Это показывает, что масонство, которым увлекались широкие круги, не прельщало Новикова. Мы не знаем, насколько деятельное участие принимал Новиков в работах этой ложи, но организацией ее он занимался много и, на наш взгляд, таким путем хотел разрешить те вопросы, которыми болела его душа в связи с необходимостью оправдать свое участие в масонстве.
Однако масонство хотя и интересовало Новикова, но в то же время он всецело был погружен в свою издательскую деятельность. В этом отношении во многом его поддерживал и Шварц, который также наряду с масонскими интересами посвящал свое время и силы просвещению молодежи и подготовке из ее среды тех людей, которые в дальнейшем могли бы продолжать его дело. В связи с этим, очевидно, находится и учрежденная уже в конце 1779 года, по мысли Шварца, Педагогическая семинария при Московском университете. В это время прежние колебания Новикова и его друзей, отразившиеся на страницах «Утреннего света», заменяются более определенными взглядами, укрепившимися, несомненно, под влиянием Шварца.

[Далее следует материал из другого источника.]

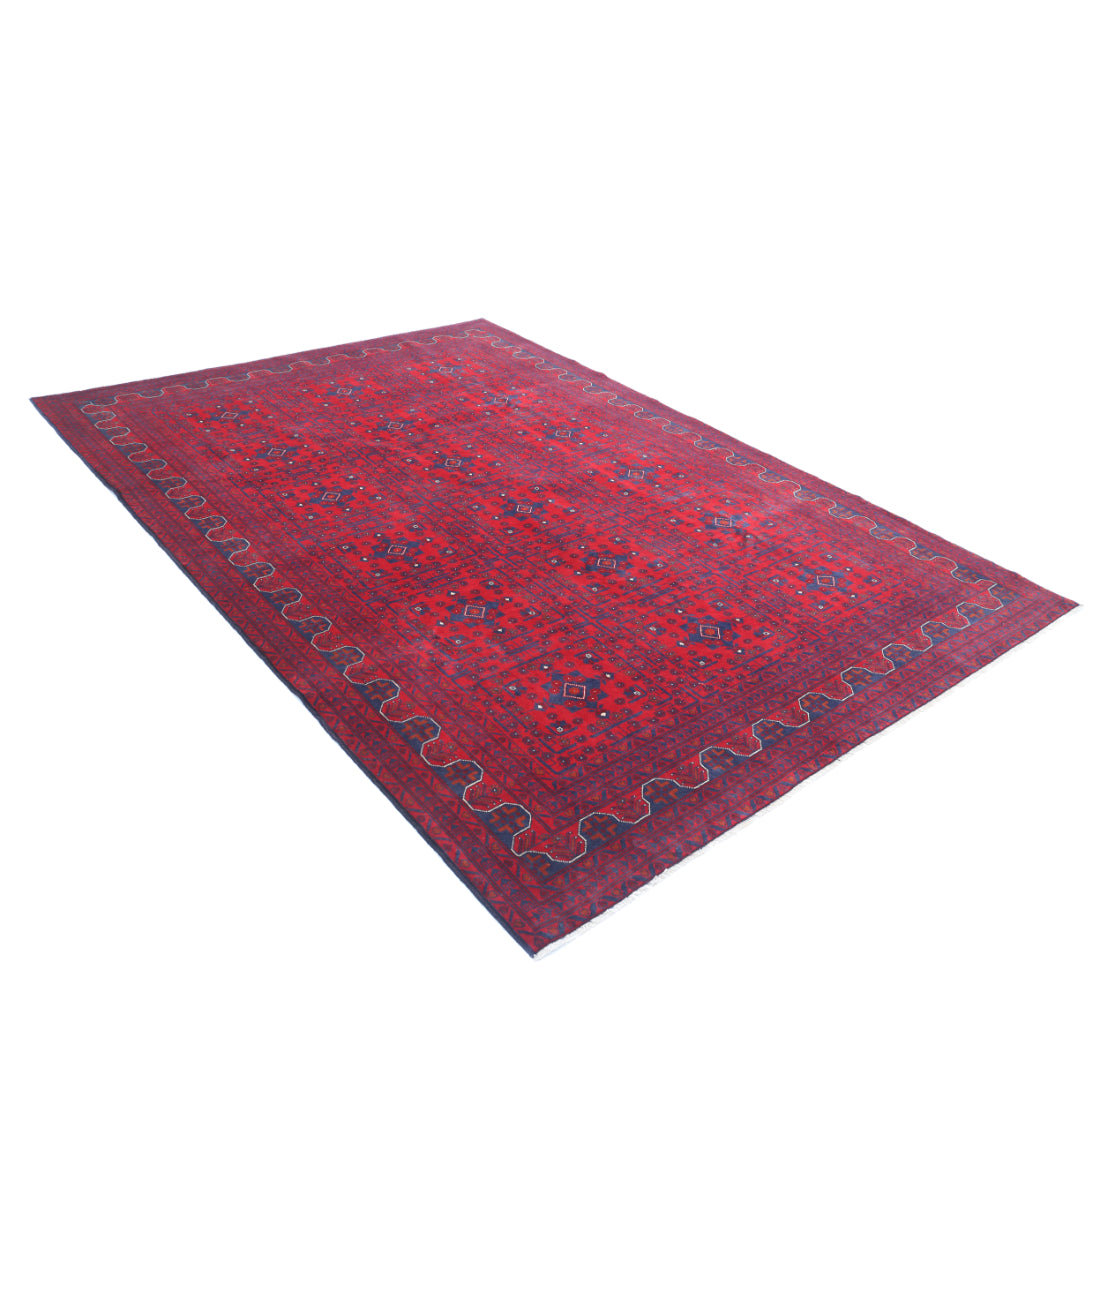 Hand Knotted Afghan Khamyab Wool Rug - 6'7'' x 9'8'' 6'7'' x 9'8'' (198 X 290) / Red / Blue

«Московское ежемесячное издание» Н. Новикова
Журнал «Московское издание» – примирение противоречий
Те искания, которые закончились противоречиями на страницах «Утреннего света», до известной степени нашли себе некоторое примирение в статьях нового новиковского журнала под названием «Московское издание», начавшего выходить в свет с 1781 года. Правда, сам Новиков продолжал увлекаться изданием религиозно-нравственных книг, и в издании нового журнала ему помогали его друзья. Причем главным редактором журнала мы считаем И. Г. Шварца. На страницах этого журнала мы находим и отражение идей Сен-Мартена. «Утренний свет» колебался и не знал, за чем признать примат – за душой или телом. Отчасти вопрос сводился также к борьбе между верой и разумом. Но после знакомства с книгой «неизвестного философа» и писаниями Арндта об истинном христианстве многие вопросы уже выяснились для русских интеллигентов-масонов. В «Предуведомлении» к «Московскому изданию» издатель уже ясно и определенно заявляет, что «между верою и разумом… философией и Богословией противоборства не должно быть». С одной стороны, «ничего нет столь приятного, как то, что согласно со здравым рассудком, и с другой стороны, рассудок должен устремлять все свои силы на знание нравственной мудрости». Издатели признавали, что и вера и разум одинаково имеют право на свое существование и в соединении их не должно быть никакого противоречия. «Разум доказывает бытие Бога. Т. е. предмет нашей веры, разум познает порядок в мире, внутреннее сознание нами добра и жизнь Христа, победу его учения». «Вера в свою очередь не идет против разума, она не делает нас собственными врагами и не похищает у нас удовольствий жизни, она требует лишь отречения от излишеств».